Writing compile is trivial using continuations. At each step of compilation, the expression being compiled produces some intermediate result value tmp which is fed into the compilation of the rest of the program

compile : AddExp var -> ((tmp : Value var) -> Llvm var) -> Llvm var
compile (Var x) compileProg = compileProg (Var x)
compile (Lit z) compileProg = compileProg (Lit z)
compile (Add e1 e2) compileProg =
  compile e1 (\tmp1 =>
  compile e2 (\tmp2 =>
  Add tmp1 tmp2 (\result =>
  compileProg (Var result))))

Of course at the end of the day we’re producing a string/file to feed into llvm so the need to generate names can’t ultimately be escaped. Fortunately since we’ve eliminated the tree structure and are left with a linear stream of instructions we no longer need state to track used names. In the case of LLVM it’s particularly easy because a counter can be used to directly generate names such as “%1”. Let’s make a pretty print function so we can compile and run our programs

llvmValue : Value String -> String
llvmValue (Var x) = x
llvmValue (Lit z) = show z

prettyLlvm : Int -> Llvm String -> String
prettyLlvm name (Add v w prog) =
  let result = "%" ++ show name
  in result ++ " = add nsw i32 " ++ llvmValue v ++ ", " ++ llvmValue w ++ "\n" ++
     prettyLlvm (name+1) (prog result) 
prettyLlvm name (Print z prog) =
  "call i32 (i8*, ...) @printf(i8* getelementptr inbounds ([3 x i8], [3 x i8]* @int_format, i64 0, i64 0), i32 " ++ llvmValue z ++ ")\n" ++
  prettyLlvm name prog
prettyLlvm name Halt = "call void @exit(i32 0)\n" ++
                       "unreachable"

We can try this out on a simple program

prog0 : AddExp var
prog0 = Lit 3 `Add` (Lit 2 `Add` Lit 4)

llvm0 : Llvm var
llvm0 = compile prog0 (\result => Print result Halt)

renderedLlvm0 : String
renderedLlvm0 = prettyLlvm 1 llvm0
*m> renderedLlvm0
"%0 = add nsw i32 2, 4\n%1 = add nsw i32 3, %0\ncall i32 (i8*, ...) @printf(i8* getelementptr inbounds ([3 x i8], [3 x i8]* @int_format, i64 0, i64 0), i32 %1call void @exit(i32 0)\nunreachable" : String

However this won’t quite compile because the functions printf and exit are undeclared and there’s no main function wrapping the program. These additions are a matter of missing header and footer:

llvmHeader : String
llvmHeader = "@int_format = private constant [3 x i8] c\"%i\\00\"\n" ++
             "declare i32 @printf(i8* nocapture readonly, ...)\n" ++
             "declare void @exit(i32)\n\n"
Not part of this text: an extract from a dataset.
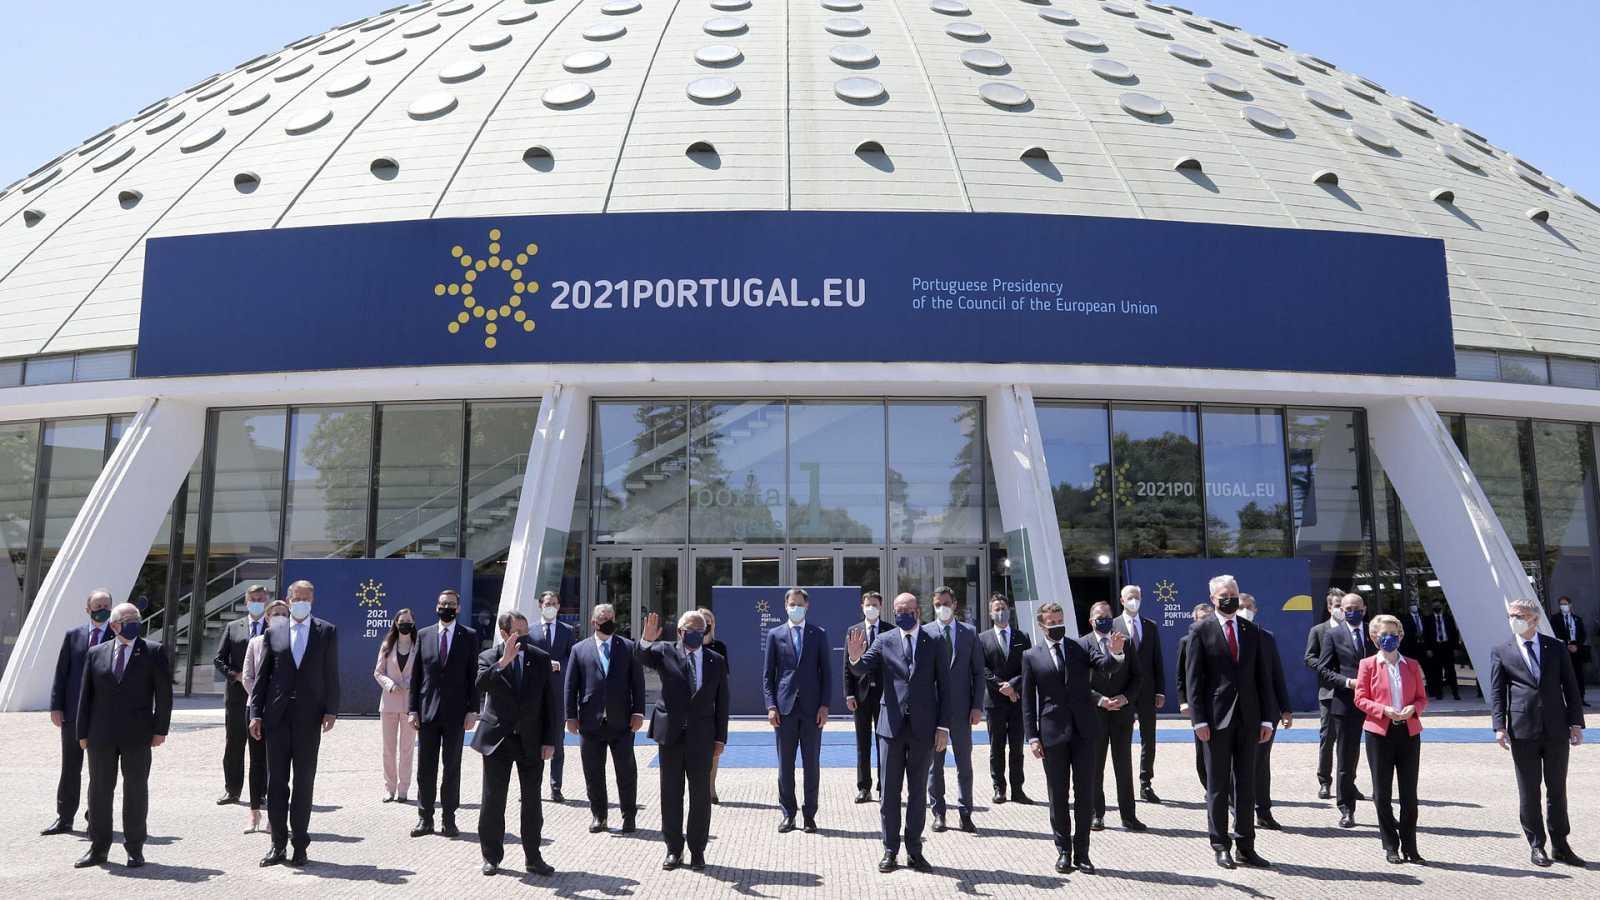 Europa abierta - Se presenta en Oporto la Europa social del futuro - escuchar ahora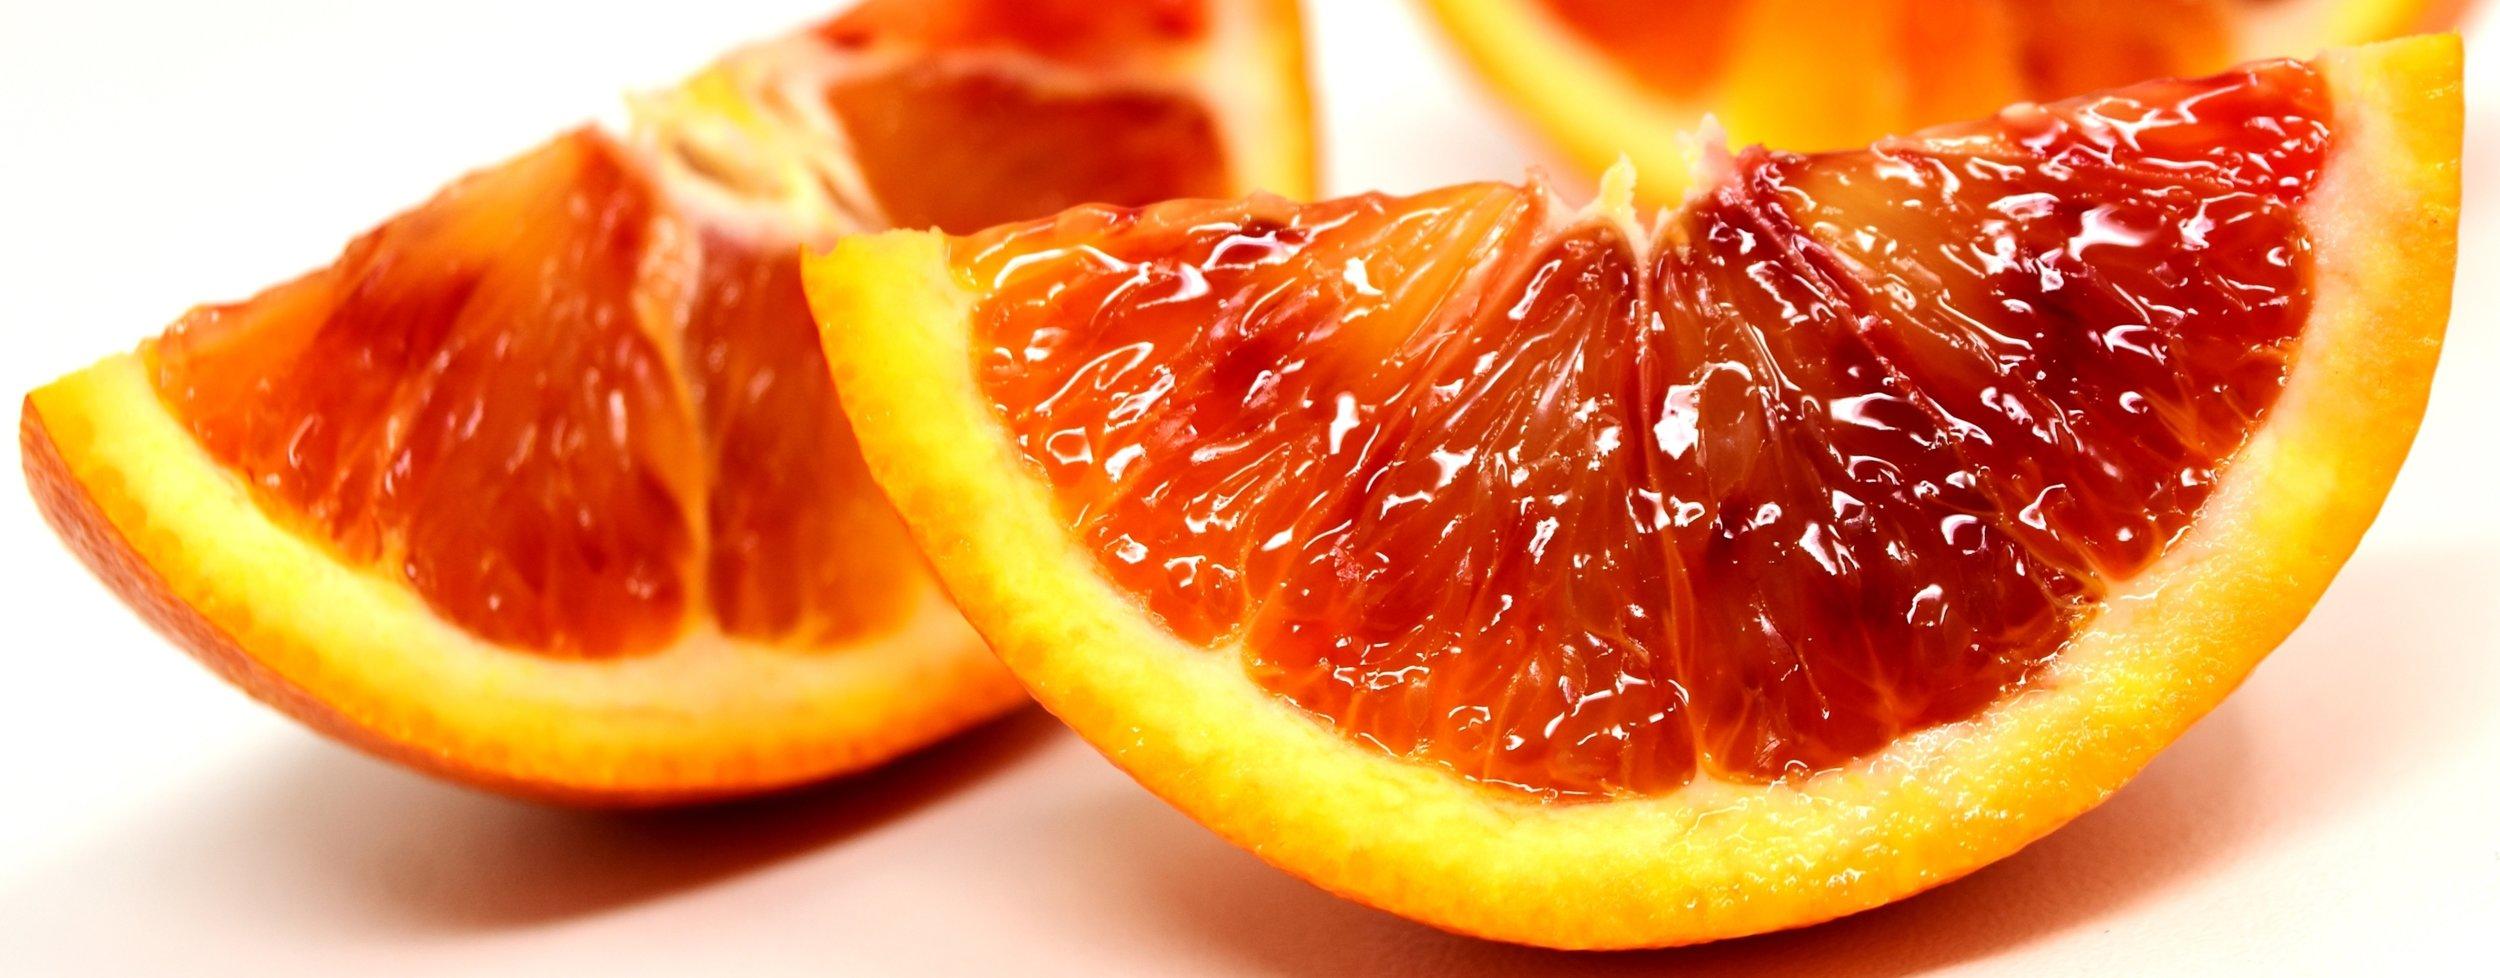 865 Candle Company - Blood Orange

llvmMain : String -> String
llvmMain prog = "define i32 @main() {\n" ++
                prog ++
                "\n}"

That’s everything needed to run the program renderedLlvm0, so let’s test it out.

*m> llvmHeader ++ llvmMain renderedLlvm0
"@int_format = private constant [3 x i8] c\"%i\\00\"\ndeclare i32 @printf(i8* nocapture readonly, ...)\ndeclare void @exit(i32)\n\ndefine i32 @main() {\n%1 = add nsw i32 2, 4\n%2 = add nsw i32 3, %1\ncall i32 (i8*, ...) @printf(i8* getelementptr inbounds ([3 x i8], [3 x i8]* @int_format, i64 0, i64 0), i32 %2)\ncall void @exit(i32 0)\nunreachable\n}" : String

Which pretty prints as

@int_format = private constant [3 x i8] c"%i\00"
declare i32 @printf(i8* nocapture readonly, ...)
declare void @exit(i32)

define i32 @main() {
%1 = add nsw i32 2, 4
%2 = add nsw i32 3, %1
call i32 (i8*, ...) @printf(i8* getelementptr inbounds ([3 x i8], [3 x i8]* @int_format, i64 0, i64 0), i32 %2)
call void @exit(i32 0)
unreachable
}

Placing this in a file a.ll, compiling and running gives the expected result

$ clang a.ll -o a
$ ./a
9

As a bonus exemplifying the use of abstract register type var in Llvm here’s an interpreter for the assembly language

evalVal : Value Int -> Int
evalVal (Var z) = z
evalVal (Lit z) = z

eval : Llvm Int -> IO Unit
eval (Add x y prog) = eval (prog (evalVal x + evalVal y))
eval (Print x prog) = do print (evalVal x) 
                         eval prog
eval Halt = pure ()
*m> eval llvm0
io_bind (io_bind (prim_write "9") (\__bindx => io_pure ()))
        (\__bindx => io_pure ()) : IO ()